$\displaystyle X_1$, $\displaystyle X_2$ are nonempty sets. Let $\displaystyle \mathcal{F}_1 \subset 2^{X_1}$ and $\displaystyle \mathcal{F}_2 \subset 2^{X_2}$ be $\displaystyle \sigma$-algebras.

Let $\displaystyle \mathcal{R} = \{A \times B: A \in \mathcal{F}_1, B \in \mathcal{F}_2 \}$

And $\displaystyle \mathcal{R}_1 = \left\{\bigcup_{i=1}^n R_i: n \in \mathbb{N}, \ \{R_i\}_{i=1}^n \subset \mathcal{R} \right\}$

Prove that $\displaystyle \mathcal{R}_1$ is an algebra.

It was not hard to prove that it is colsed with respect to finite unions. However I failed to prove it is closed with respect to complement!

2. And this relates to Probability and Statistics, how?

-Dan

3. Originally Posted by topsquark
And this relates to Probability and Statistics, how?

-Dan
Because axiomatic probability theory involves measures and $\displaystyle \sigma$-algebra.

4. Frankly speaking I was working on some probability theory theorem when this problem occured. I'm 99% sure $\displaystyle R_1$ is algebra but the full proof seems bit too long.... If somebody knows a short proof, please post it.
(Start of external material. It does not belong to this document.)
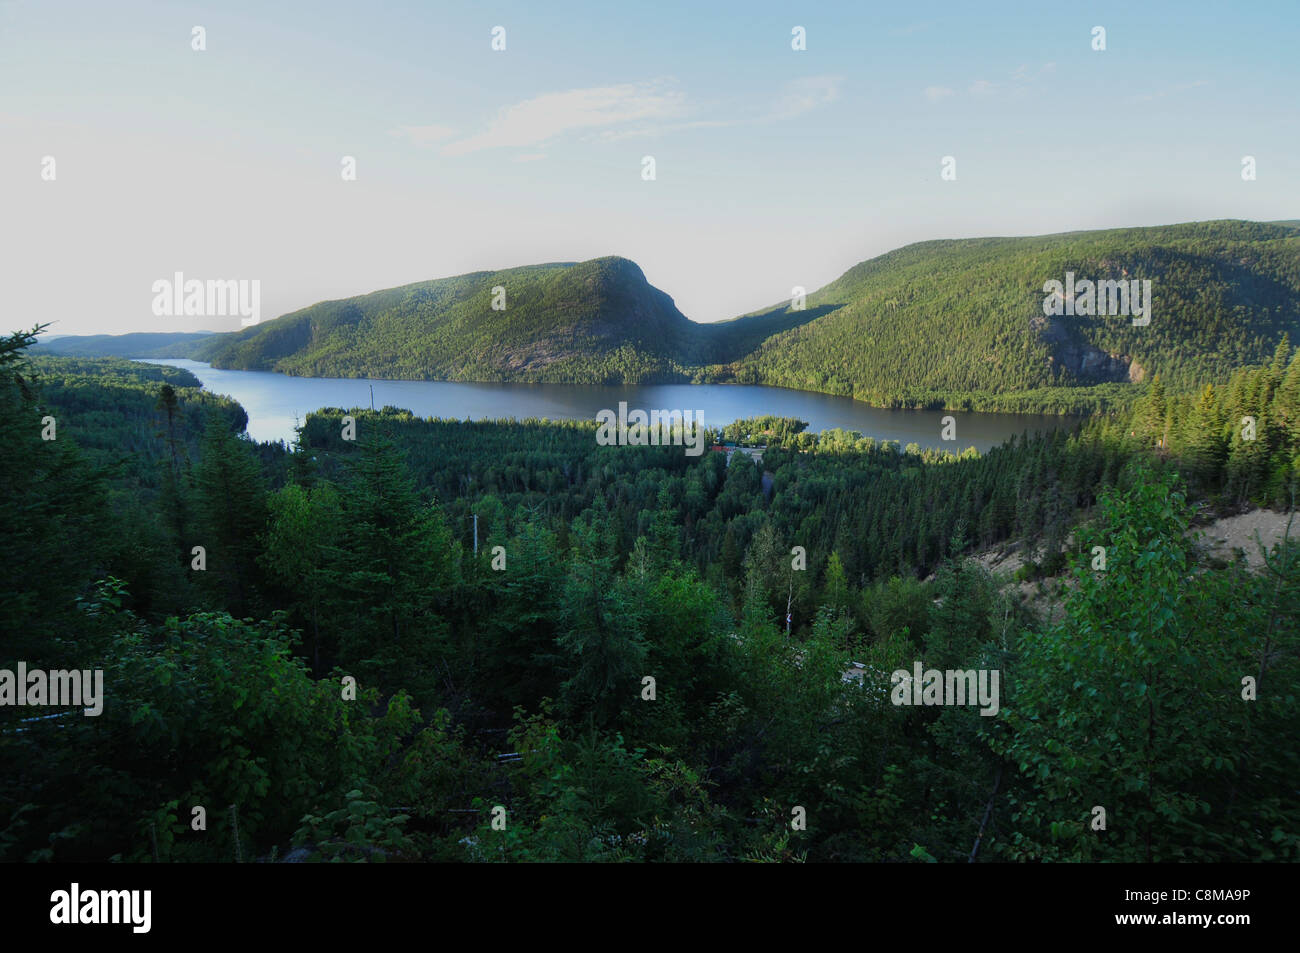 A picturesque setting on Lake Saguenay of Quebec, Canada. Stock Photo
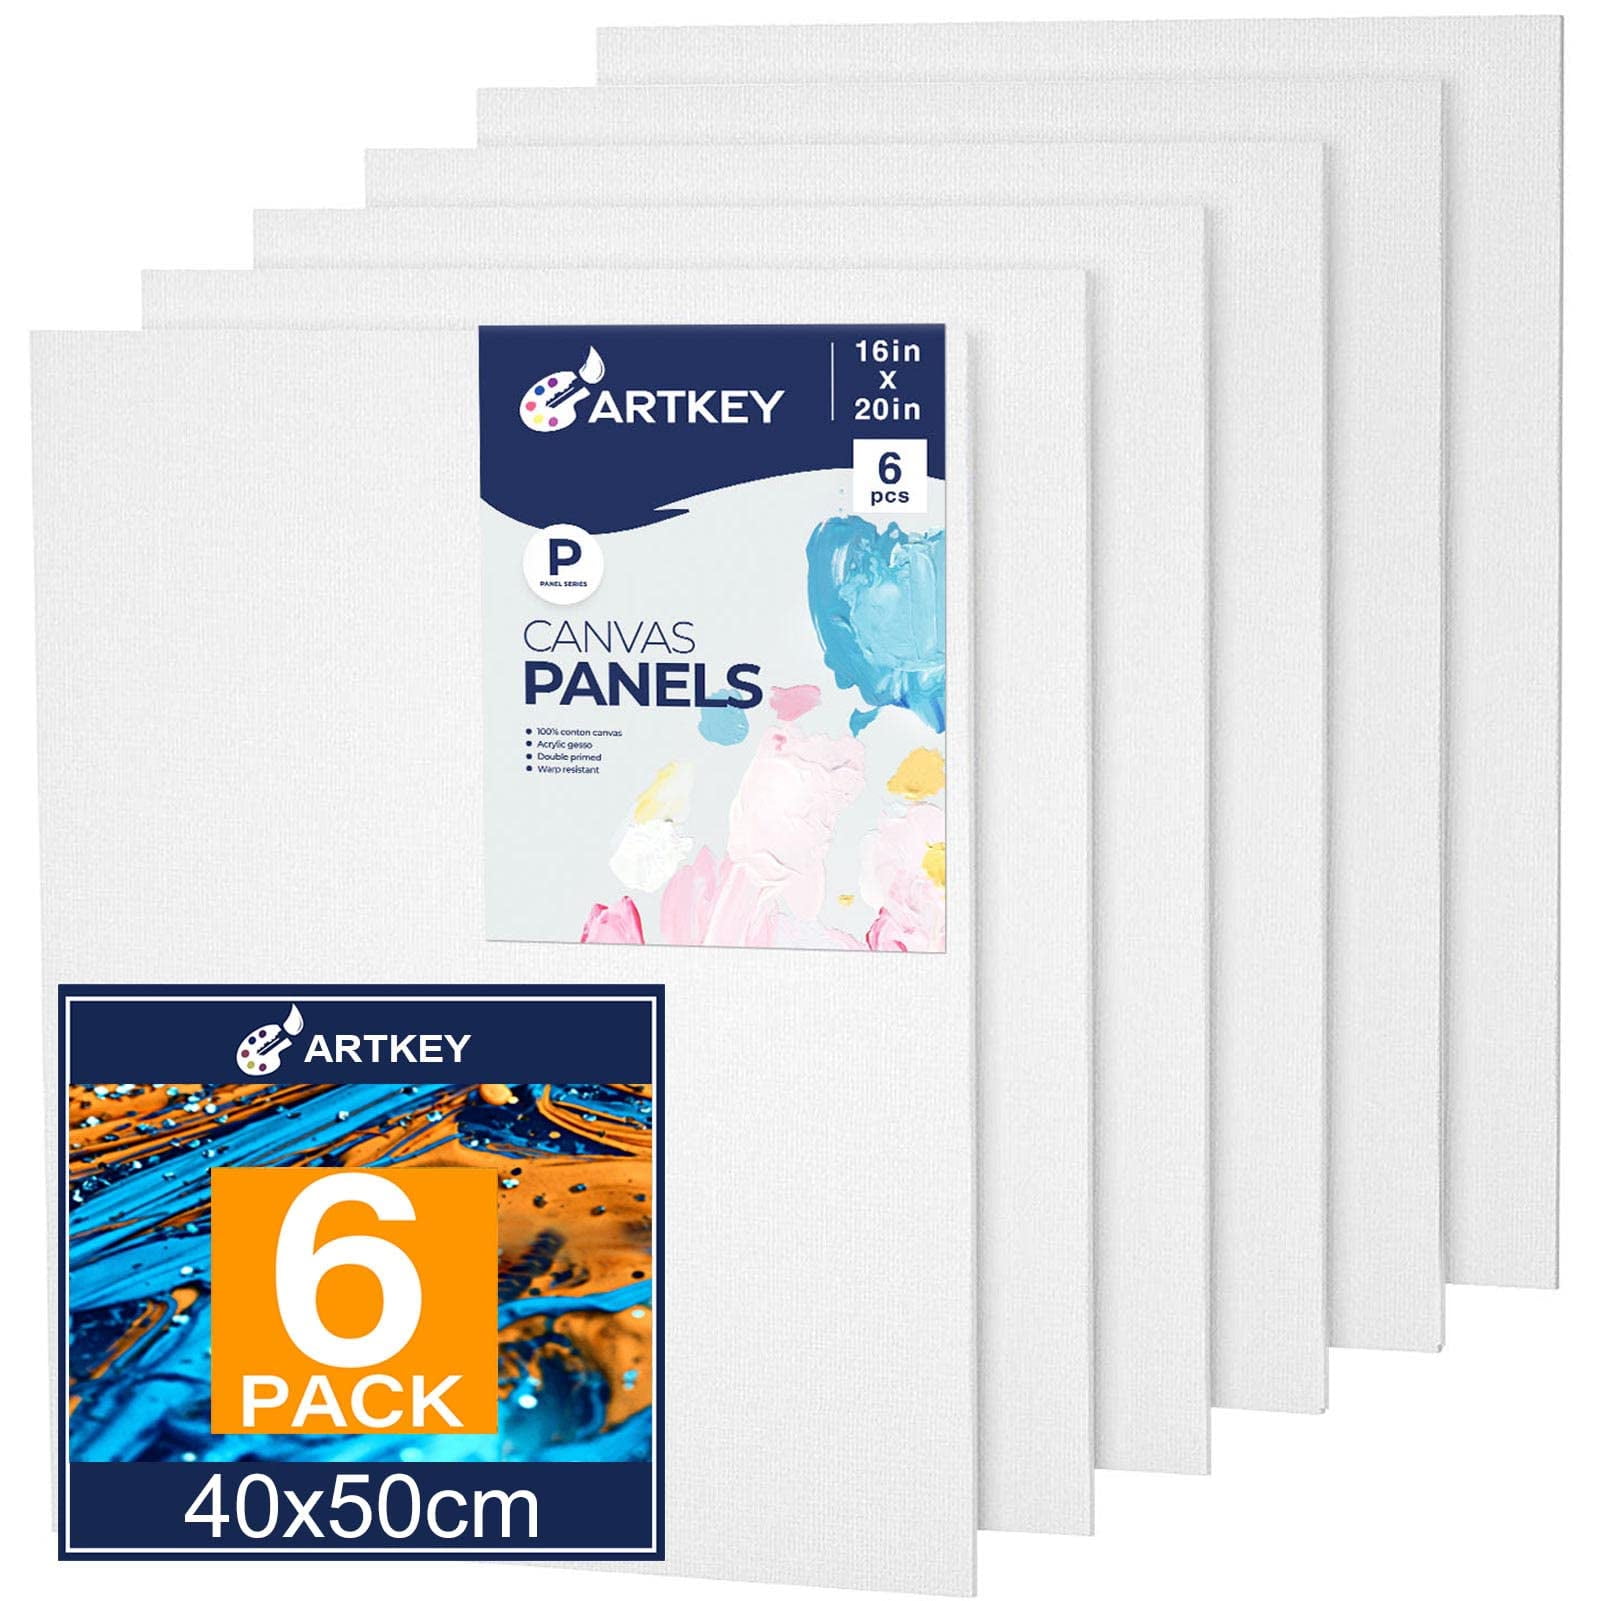 Artkey Canvas Panels 28x36cm 12-Pack, 300 GSM Triple Primed Acid-Free 100% Cotton Paint Canvas for Painting, Blank Flat Canvas Board for Acrylics Oil

PS I think I can prove that $\displaystyle R_1$ is closed under finite intersections. Than I take complement of set that belongs to $\displaystyle R_1$ and I get finite intersection - the only problem is to find a simple proof that the "intersected" sets belong to $\displaystyle R_1$ .

5. Originally Posted by albi
Frankly speaking I was working on some probability theory theorem when this problem occured. I'm 99% sure $\displaystyle R_1$ is algebra but the full proof seems bit too long.... If somebody knows a short proof, please post it.

PS I think I can prove that $\displaystyle R_1$ is closed under finite intersections. Than I take complement of set that belongs to $\displaystyle R_1$ and I get finite intersection - the only problem is to find a simple proof that the "intersected" sets belong to $\displaystyle R_1$ .
these two trivial identities should be enough for you to complete the proof:

$\displaystyle 1) \ \ (A_1 \times B_1) \cap (A_2 \times B_2) = (A_1 \cap A_2) \times (B_1 \cap B_2).$

$\displaystyle 2) \ \ (A \times B)^c = (A^c \times B) \cup (A \times B^c) \cup (A^c \times B^c),$ where $\displaystyle Y^c$ is the complement of $\displaystyle Y.$

6. The last one is not true. I belive it should be:
$\displaystyle (A \times B)^c = (A^c \times B) \cup (A \times B^c) \cup (A^c \times B^c),$

However that will help.

7. Originally Posted by albi
The last one is not true. I belive it should be:
$\displaystyle (A \times B)^c = (A^c \times B) \cup (A \times B^c) \cup (A^c \times B^c),$
of course! thanks! i fixed it. i've already done too much latex for today ... i guess i'm getting really tired!